Throughout this process, I could detect no veil or distortion from the DEQ2496. The music comes through completely transparently. I measured test tones through the DEQ2496 in both pass-through and with EQ enabled; it introduced no harmonic or intermodulation distortion at all. That is, anything it might have introduced was below -100 dB and didn’t appear on my test. This is as expected, given that I’m using it entirely in the digital domain – no DA or AD conversions – and my EQ filters are parametric, small with shallow slope.
While I was at this, I created a small tweak for my LCD-2 headphones. Their otherwise near perfect response has a small dip from 2 to 8 kHz. A little +3 dB centered at 4.5 kHz, 2 octaves wide (3 dB / octave, Q=0.67) made them as close to perfect as possible.
Overall, I can recommend the DEQ2496. Most importantly, it enabled me to get as close to humanly possible to perfect sound. That in itself deserves a glowing recommendation. But it’s not a magic box. I put a lot of old fashioned work into getting my audio system in great shape and used the DEQ2496 only to span that last %. Like any powerful tool, the DEQ2496 can be used for evil or for good. So to be fair and complete I’ll list my reservations:
- The DEQ2496 is not a magic band-aid. You still need to acoustically treat and arrange your room first to fix the biggest problems. After you do that, you might be satisfied and not need the DEQ2496.
- The DEQ2496 is complex to use, creating the risk that you won’t get it to work right or you’ll get poor results.
- To use the RTA feature you’ll need an XLR mic with wide, flat frequency response.

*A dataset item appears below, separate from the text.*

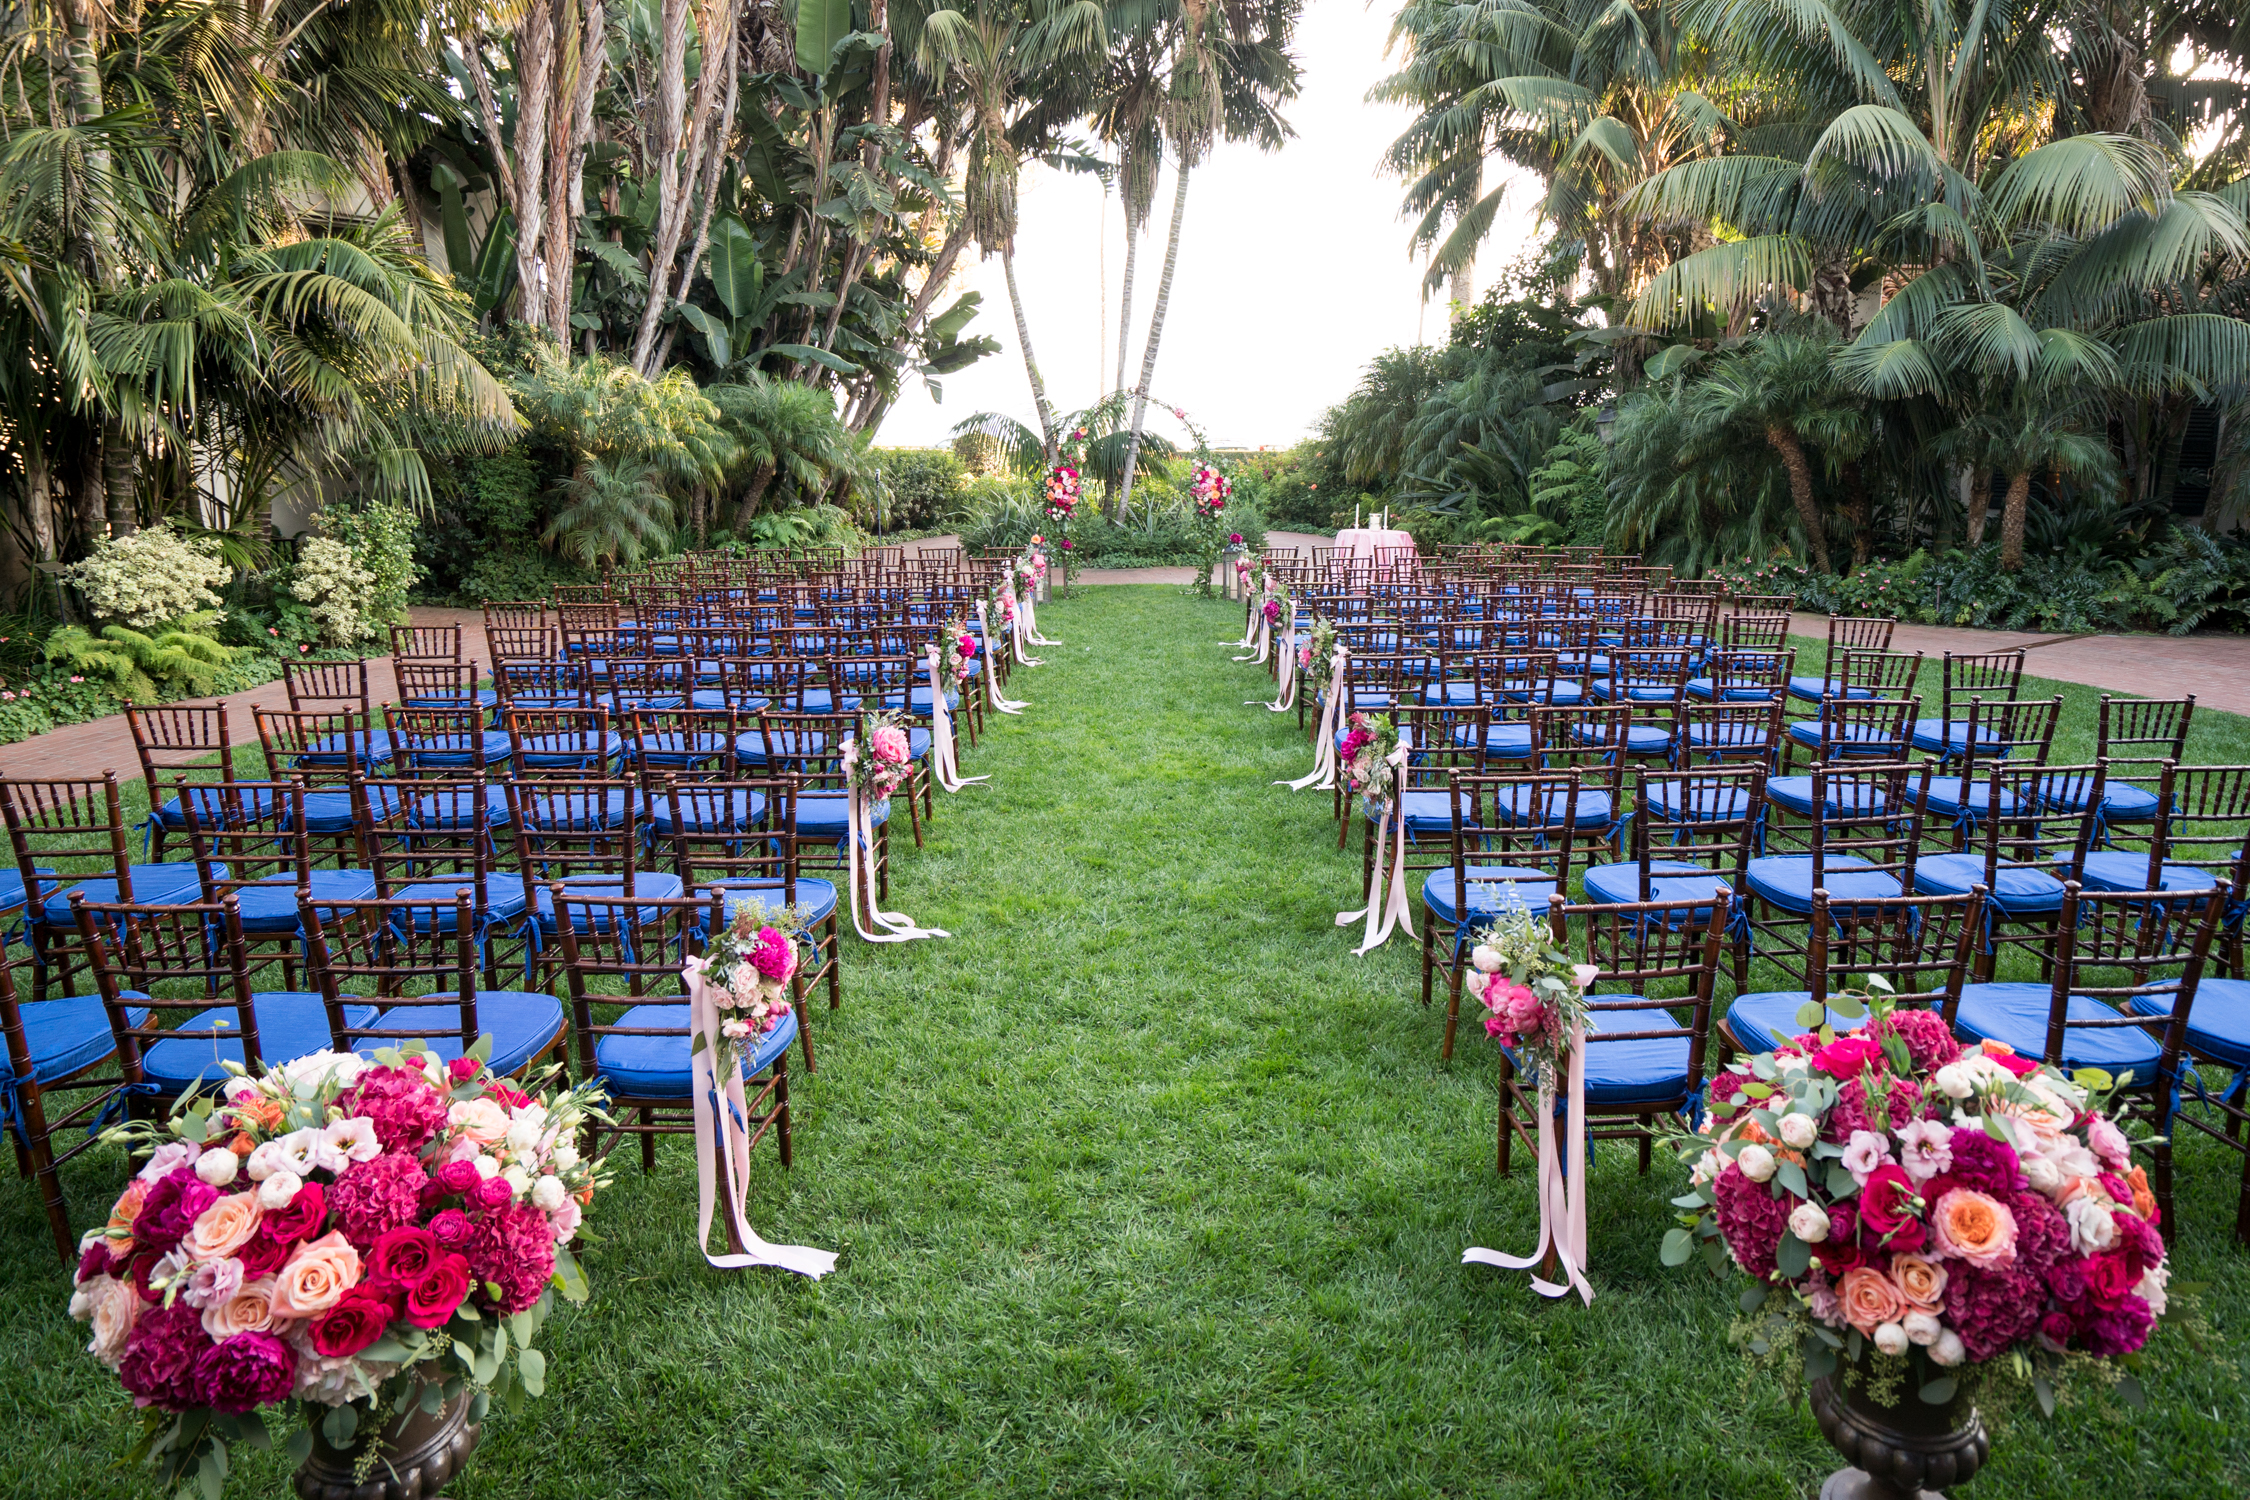 www.santabarbarawedding.com | Miki & Sonja Photography | Four Seasons Resort The Biltmore | Imagine Weddings & Special Events | Rockrose Floral Design | Ceremony Set Up

- I cannot assess its long term durability, having it in my system for only a few days. Many of the reviews say it dies after a year or two, but they also say it runs hot. Mine does not run hot, so maybe Behringer changed something? Or perhaps mine runs cooler because I’m not using the D-A or A-D converters. It does have a 3 year manufacturer warranty, longer than most electronics.